## Listed records
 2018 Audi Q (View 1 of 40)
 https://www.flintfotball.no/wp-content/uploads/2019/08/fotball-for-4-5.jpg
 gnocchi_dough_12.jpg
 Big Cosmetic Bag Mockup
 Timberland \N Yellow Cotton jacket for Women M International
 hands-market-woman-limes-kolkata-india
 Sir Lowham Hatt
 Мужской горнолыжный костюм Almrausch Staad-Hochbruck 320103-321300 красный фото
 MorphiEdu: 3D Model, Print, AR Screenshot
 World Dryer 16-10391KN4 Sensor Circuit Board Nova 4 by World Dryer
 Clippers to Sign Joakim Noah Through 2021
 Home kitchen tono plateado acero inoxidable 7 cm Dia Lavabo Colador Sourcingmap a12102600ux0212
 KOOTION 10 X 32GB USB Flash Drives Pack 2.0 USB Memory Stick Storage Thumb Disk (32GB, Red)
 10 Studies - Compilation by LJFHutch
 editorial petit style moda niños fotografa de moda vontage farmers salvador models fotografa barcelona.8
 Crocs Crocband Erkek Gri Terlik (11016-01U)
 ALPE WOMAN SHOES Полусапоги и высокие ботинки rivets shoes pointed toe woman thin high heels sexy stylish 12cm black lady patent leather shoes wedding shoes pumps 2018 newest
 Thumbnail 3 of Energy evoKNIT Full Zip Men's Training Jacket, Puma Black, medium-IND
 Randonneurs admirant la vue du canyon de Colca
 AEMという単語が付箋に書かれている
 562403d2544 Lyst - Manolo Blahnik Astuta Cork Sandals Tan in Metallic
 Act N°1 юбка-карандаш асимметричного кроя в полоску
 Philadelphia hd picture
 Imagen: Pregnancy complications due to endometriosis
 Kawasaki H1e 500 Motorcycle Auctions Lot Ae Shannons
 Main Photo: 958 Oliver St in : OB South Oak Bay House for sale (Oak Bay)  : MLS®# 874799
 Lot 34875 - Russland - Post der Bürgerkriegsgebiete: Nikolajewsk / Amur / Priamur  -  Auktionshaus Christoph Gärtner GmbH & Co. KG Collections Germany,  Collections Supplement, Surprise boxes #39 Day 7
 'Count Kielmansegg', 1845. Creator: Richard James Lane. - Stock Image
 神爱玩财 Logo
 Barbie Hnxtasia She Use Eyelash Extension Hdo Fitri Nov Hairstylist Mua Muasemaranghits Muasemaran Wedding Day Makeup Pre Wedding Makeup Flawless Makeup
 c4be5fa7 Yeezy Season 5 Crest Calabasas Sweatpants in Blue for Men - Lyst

## Task instructions
Output the entire listing exactly as it appears above.

## Reply to the task
 2018 Audi Q (View 1 of 40)
 https://www.flintfotball.no/wp-content/uploads/2019/08/fotball-for-4-5.jpg
 gnocchi_dough_12.jpg
 Big Cosmetic Bag Mockup
 Timberland \N Yellow Cotton jacket for Women M International
 hands-market-woman-limes-kolkata-india
 Sir Lowham Hatt
 Мужской горнолыжный костюм Almrausch Staad-Hochbruck 320103-321300 красный фото
 MorphiEdu: 3D Model, Print, AR Screenshot
 World Dryer 16-10391KN4 Sensor Circuit Board Nova 4 by World Dryer
 Clippers to Sign Joakim Noah Through 2021
 Home kitchen tono plateado acero inoxidable 7 cm Dia Lavabo Colador Sourcingmap a12102600ux0212
 KOOTION 10 X 32GB USB Flash Drives Pack 2.0 USB Memory Stick Storage Thumb Disk (32GB, Red)
 10 Studies - Compilation by LJFHutch
 editorial petit style moda niños fotografa de moda vontage farmers salvador models fotografa barcelona.8
 Crocs Crocband Erkek Gri Terlik (11016-01U)
 ALPE WOMAN SHOES Полусапоги и высокие ботинки rivets shoes pointed toe woman thin high heels sexy stylish 12cm black lady patent leather shoes wedding shoes pumps 2018 newest
 Thumbnail 3 of Energy evoKNIT Full Zip Men's Training Jacket, Puma Black, medium-IND
 Randonneurs admirant la vue du canyon de Colca
 AEMという単語が付箋に書かれている
 562403d2544 Lyst - Manolo Blahnik Astuta Cork Sandals Tan in Metallic
 Act N°1 юбка-карандаш асимметричного кроя в полоску
 Philadelphia hd picture
 Imagen: Pregnancy complications due to endometriosis
 Kawasaki H1e 500 Motorcycle Auctions Lot Ae Shannons
 Main Photo: 958 Oliver St in : OB South Oak Bay House for sale (Oak Bay)  : MLS®# 874799
 Lot 34875 - Russland - Post der Bürgerkriegsgebiete: Nikolajewsk / Amur / Priamur  -  Auktionshaus Christoph Gärtner GmbH & Co. KG Collections Germany,  Collections Supplement, Surprise boxes #39 Day 7
 'Count Kielmansegg', 1845. Creator: Richard James Lane. - Stock Image
 神爱玩财 Logo
 Barbie Hnxtasia She Use Eyelash Extension Hdo Fitri Nov Hairstylist Mua Muasemaranghits Muasemaran Wedding Day Makeup Pre Wedding Makeup Flawless Makeup
 c4be5fa7 Yeezy Season 5 Crest Calabasas Sweatpants in Blue for Men - Lyst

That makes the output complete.